All maples will grow in acid soil but not all will grow in chalky or alkaline soils. The list is too complex to go into here but despite popular thoughts- Acer palmatum varieties seem to do as well in the acid soil as alkaline or broadly neutral soils. Many Acers we have planted have thrived in clay soil... water and sunshine (like us!) are their only true requirements.
Most maples are perfectly hardy even if the new growth on Acer palmatum varieties is not. The Acer is known for its strength and rigour. Please see hardiness on individual descriptors for specific species.
Cool dappled shade with shelter from cold north and east winds or westerly gales is what most acers prefer. The new growth is especially tender on Acer palmatum varieties (and emerges very early in the year) It is best to avoid frost pockets and try to also avoid full sun all day, at least as far as Acer palmatum varieties are concerned. Variegated foliaged acers need the most care. Afternoon sun will simply scorch the leaves. If this happens to a young plant it is best to dig the plant up and take it into the greenhouse to let it recover under the bench in the partial shade. Acer palmatum ‘Ukigumo’ and the other variegated Acer palmatum varieties such as ‘Butterflies’ are particularly prone to scorching and should always be grown in shade.
In an ideal situation, Acer palmatum should have a slightly acidic, sandy, well-drained soil that does not dry out in summer or become waterlogged in winter. Acers have shallow fibrous root systems which benefit from an annual mulch of organic matter. This also helps avoid wilt.
Acer palmatum varieties adapt well to life in a pot providing the roots are kept moist and have a good drainage and aeration. Crocks in the bottom of the pots are a good idea. Loam based compost such as John Innes No 2 is best together with a bark mulch to help avoid water loss. Watering twice a day in hot periods is essential. Feed with a balanced proprietary fertilizer in spring just as the leaves emerge.

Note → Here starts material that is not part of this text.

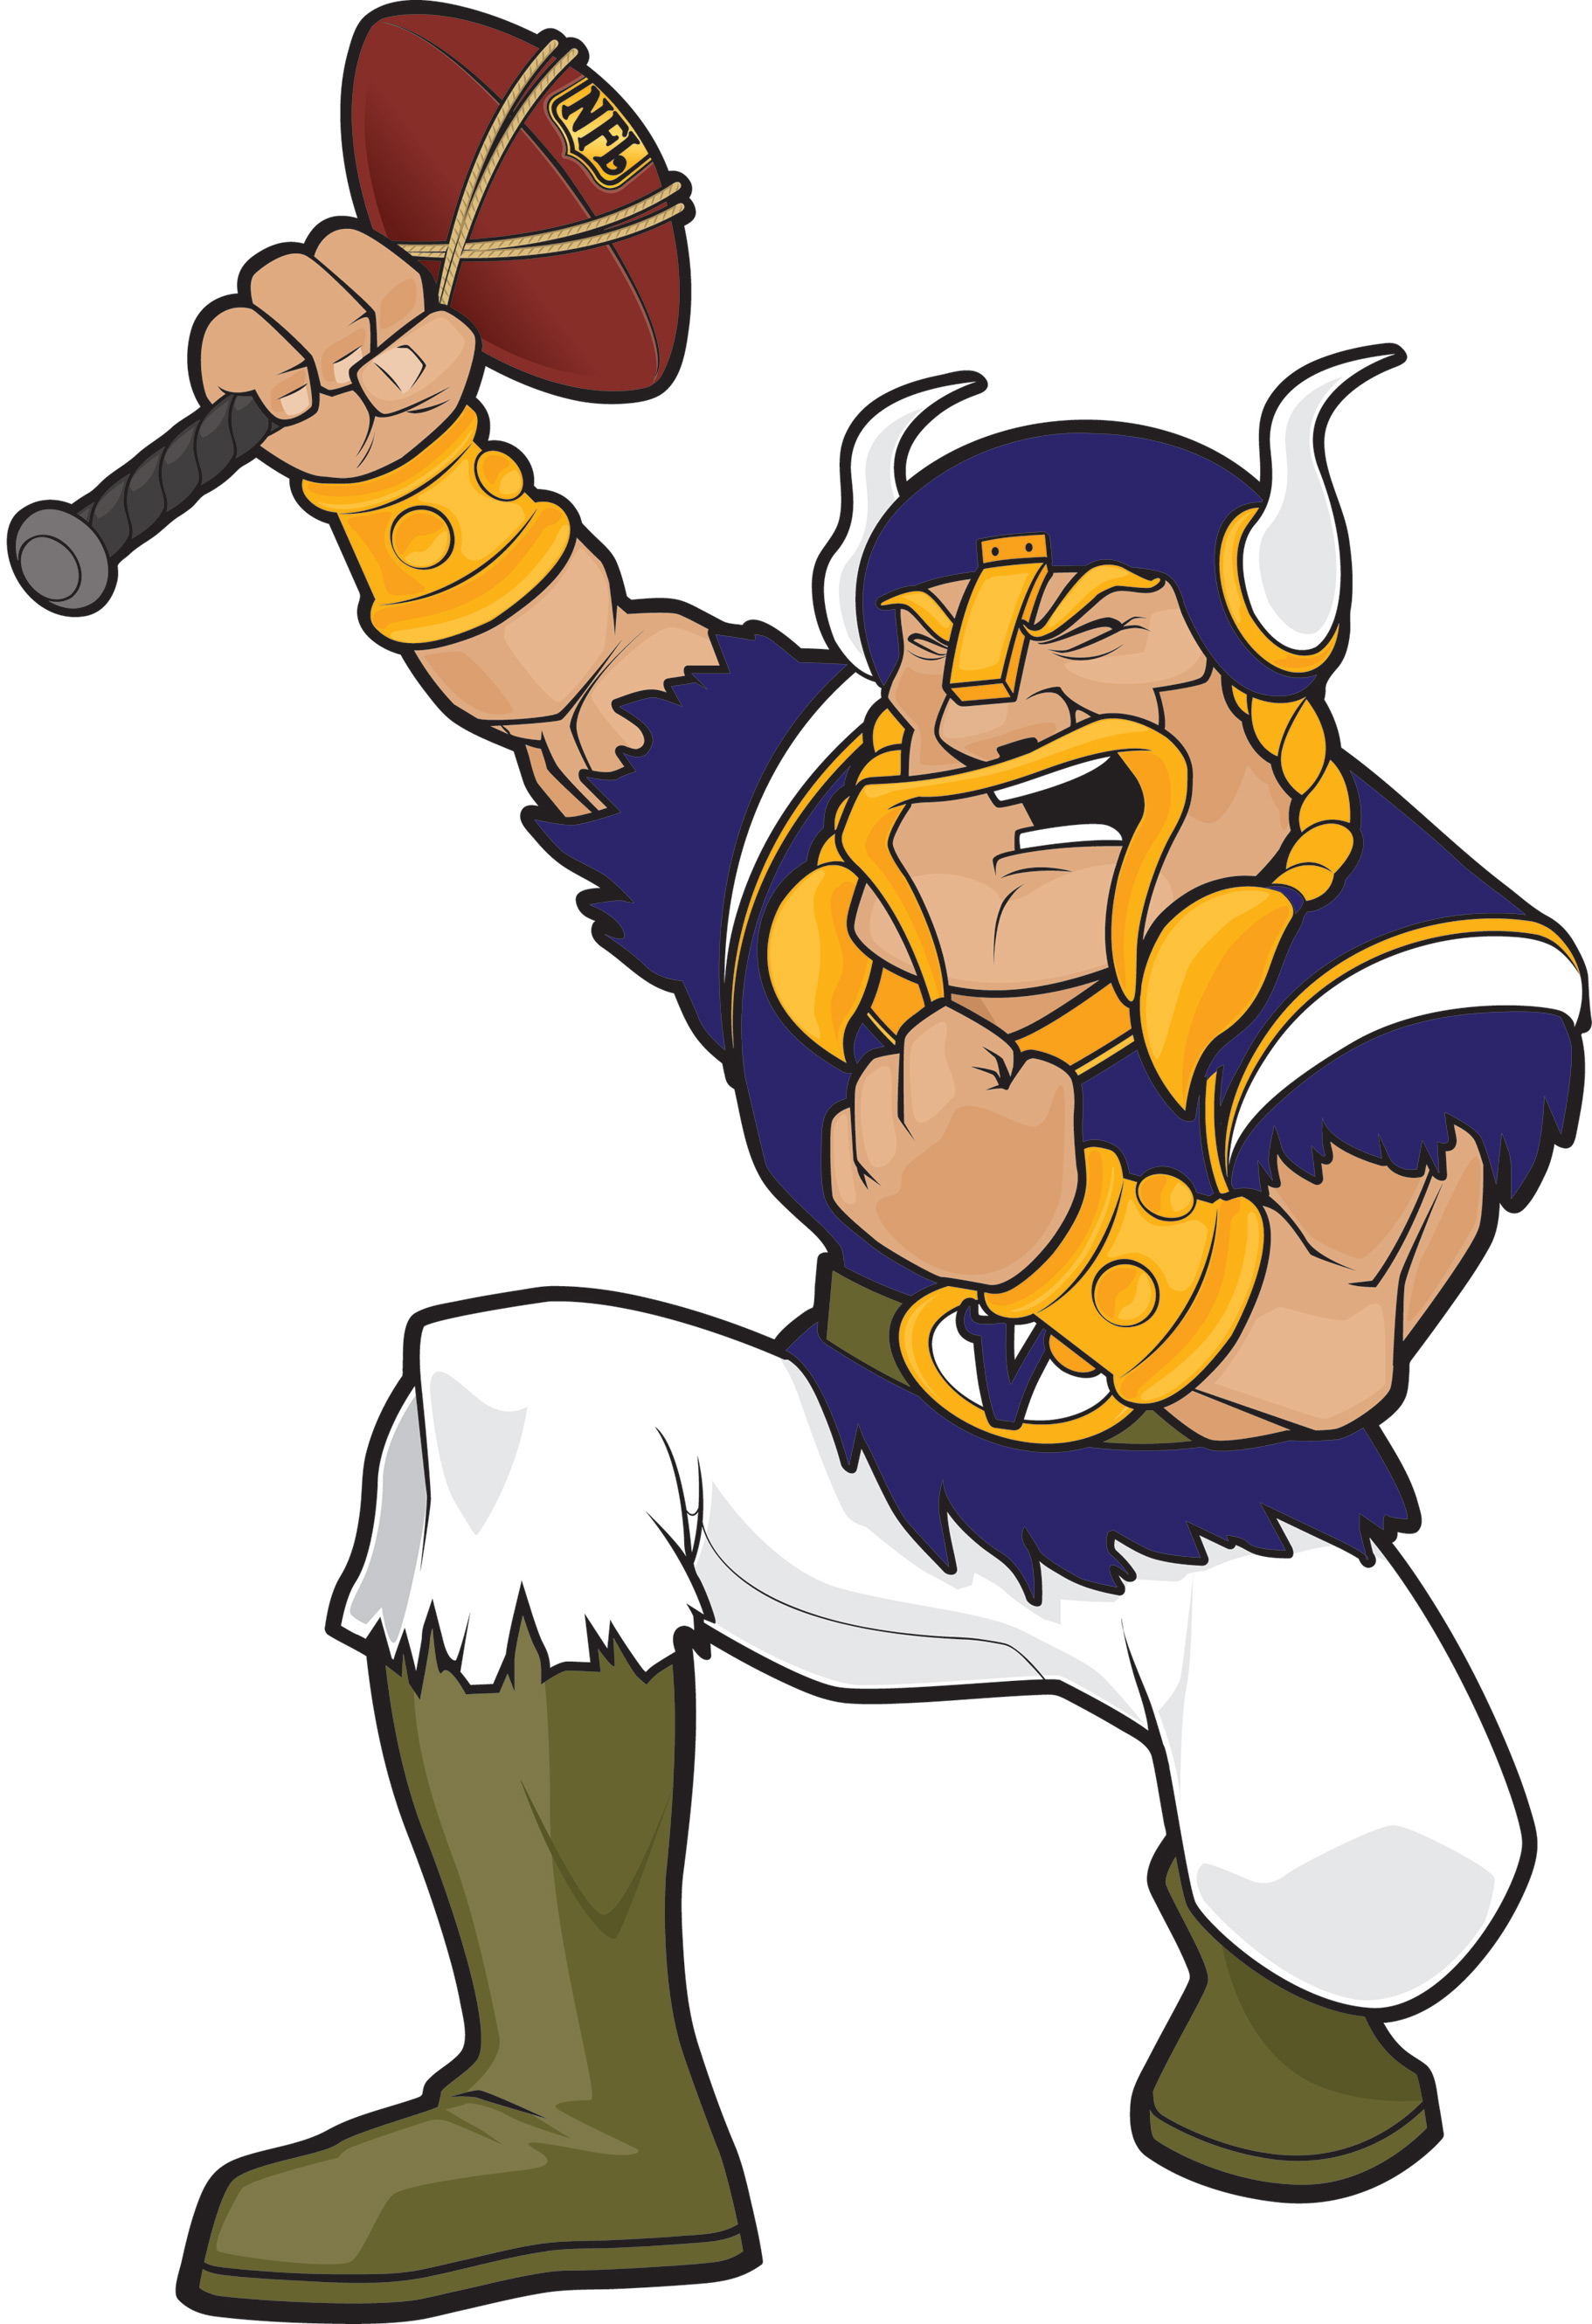 Viktor the Viking Invades NFL: Minnesota Vikings Draft Kids' Marketing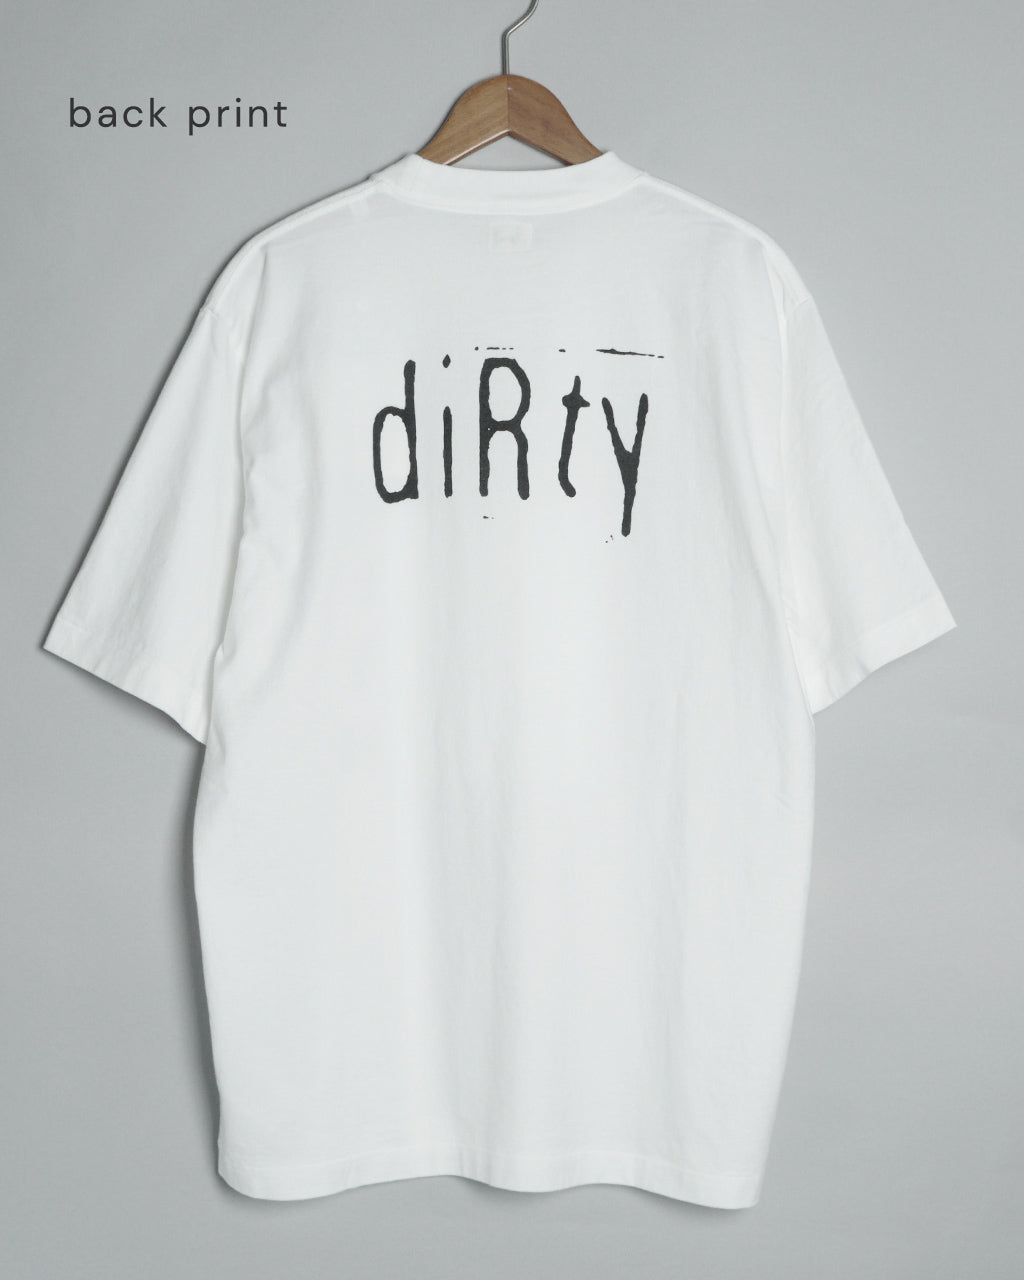 blurhms ROOTSTOCK ブラームス ルーツストックプリント Tシャツ diRty Print Tee STANDARD【送料無料】正規取扱店【お一人様、1点ずつまで】

Repot every 3 – 4 years in spring well before the first new growth emerges, - this means effectively in February or early March.
If pruning is undertaken it should only be done to improve their overall shape and to encourage healthy growth. Young Japanese maples, for instance, often produce single new shoots in one direction which, if not cut back, will grow on to create an unbalanced plant. Tree acers require a good leading shoot. Species such as Acer davidii often lose their leader and produce two side shoots instead. It is best to cut out one of these side shoots so that the other will become the new leader. Pruning is best carried out when the sap is falling in late summer or autumn, but generally in the nursery, if an acer needs a gentle prune, this can be done in any month to no harmful effect.